A 15-year-old Python flaw found in "over 350,000" projects • The Register

A 15-year-old Python flaw found in “over 350,000” projects • The Register

At least 350,000 open source projects are believed to be potentially vulnerable to exploitation by a Python module flaw that has remained unpatched for 15 years.

On Tuesday, security firm Trellix said its threat researchers had encountered a vulnerability in Python. tarfile module, which provides a way to read and write packages of compressed files known as tar archives. At first, bug hunters thought they happened on a zero day.

It turned out to be a roughly 5,500-day problem: the bug has been living its best life for the past decade and a half while it waits for extinction.

Identified as CVE-2007-4559, the vulnerability was discovered on August 24, 2007, in a post on the Python mailing list by Jan Matejek, who was the Python package maintainer for SUSE at the time. It can be exploited to overwrite and hijack files on a victim’s computer when a vulnerable application opens a malicious tar archive via tarfile.

“The vulnerability is basically like this: if I drag a file named "../../../../../etc/passwd" and then do the administrator untar it, /etc/passwd is overwritten,” Matejek explained at the time.

The tarfile directory traversal bug was reported on August 29, 2007 by Tomas Hoger, a software engineer at Red Hat.

But she had already been approached, sort of. A day earlier, tarfile module maintainer Lars Gustäbel committed a code change that adds a true default. check_paths parameter and a helper function for TarFile.extractall() method that throws an error if a tar archive file path is unsafe.

But the fix did not address TarFile.extract() method — which Gustäbel said “shouldn’t be used at all” — and left open the possibility that extracting data from untrusted archives could cause problems.

In a comment thread, Gustäbel explained that he no longer considers this a security issue. “tarfile.py does nothing wrong, its behavior conforms to the pax definition and POSIX pathname resolution guidelines,” he wrote.

“There is no known or possible practical exploitation. and [updated] documentation with a warning that extracting archives from untrusted sources could be dangerous. This is the only thing to do IMO”.

Indeed, the documentation describes this weapon:

Warning: Never extract archives from unsafe sources without prior inspection. Files may be created outside wayfor example members that have absolute filenames beginning with "/" or file names with colons "..".

And yet here we are, with both extract() and extractall() still posing the threat of an arbitrary crossing of paths.

“The vulnerability is a path traversal attack in extract and extractall functions in the tarfile module that allow an attacker to overwrite arbitrary files by appending the sequence “..” to filenames in a tar archive,” Kasimir Schulz, a vulnerability researcher for Trellix, explained in a blog post.

The sequence “..” changes the current working path to the parent directory.

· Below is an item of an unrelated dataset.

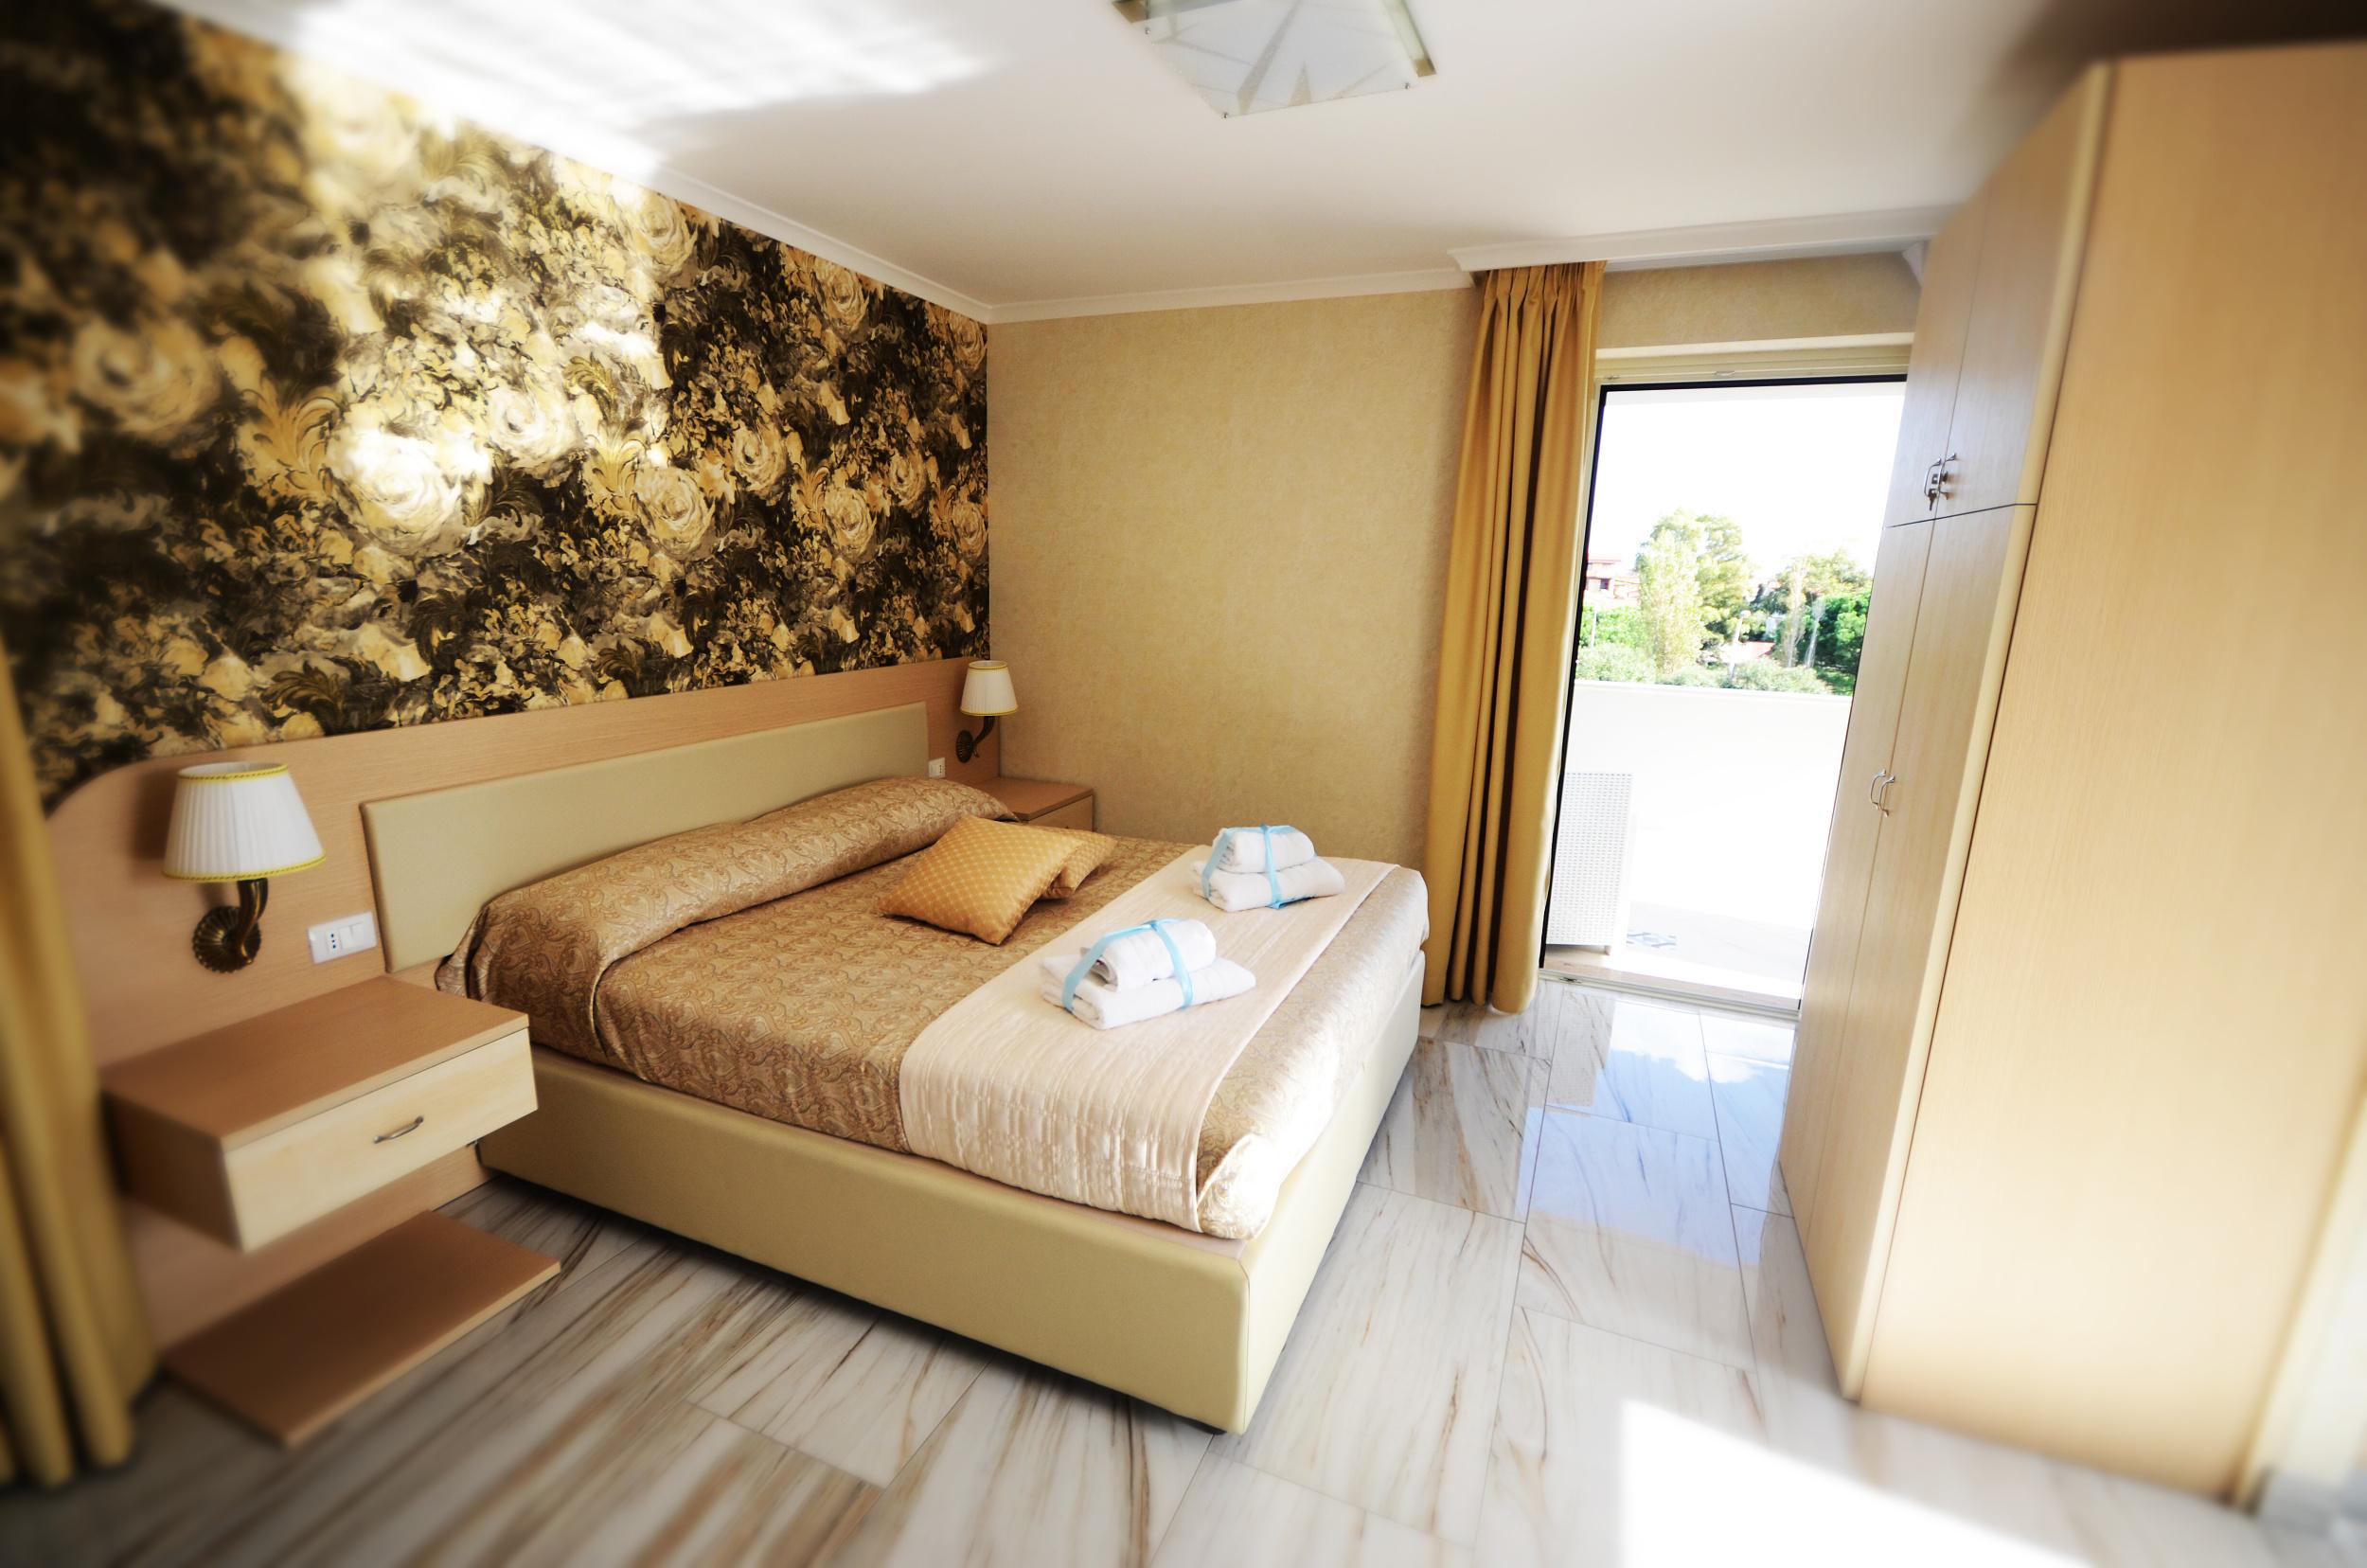 Hotels in Fiumicino | Rome Airport Inn Guest House B&B Fiumicino

So, using code like the six-line snippet below, Schulz says, tarfile the module can be told to read and modify the file’s metadata before it is added to the tar archive. And the result is exploitation.

import tarfile

def change_name(tarinfo):
    tarinfo.name = "../" + tarinfo.name
    return tarinfo

with tarfile.open("exploit.tar", "w:xz") as tar:
    tar.add("malicious_file", filter=change_name)

According to Schulz, Trellix created a free tool called Creosote to scan for CVE-2007-4559. The software has already found the bug hidden in applications such as Spyder IDE, an open-source scientific environment written for Python, and Polemarch, an IT infrastructure management service for Linux and Docker.

The company estimates tarfile the flaw can be found “in over 350,000 open-source projects and predominantly in closed-source projects.” It also points out that tarfile is a default module in any Python project and is present in frameworks created by AWS, Facebook, Google, and Intel, and in applications for machine learning, automation, and Docker containers.

Trellix says it is working to make the fixed code available to affected projects.

“Using our tools, we currently have patches for 11,005 repositories ready for pull requests,” Charles McFarland, vulnerability researcher for Trellix, explained in a blog post. “Each patch will be added to a forked repository and a pull request will be made over time. This will help individuals and organizations alike to become aware of the problem and fix it with a single click.

“Due to the size of the vulnerable projects, we expect to continue this process over the next few weeks. It is expected to reach 12.06% of all vulnerable projects, just over 70,000 projects to completion”.

The remaining 87.94% of affected projects may want to consider other possible options. ®

Leave a Comment

Your email address will not be published.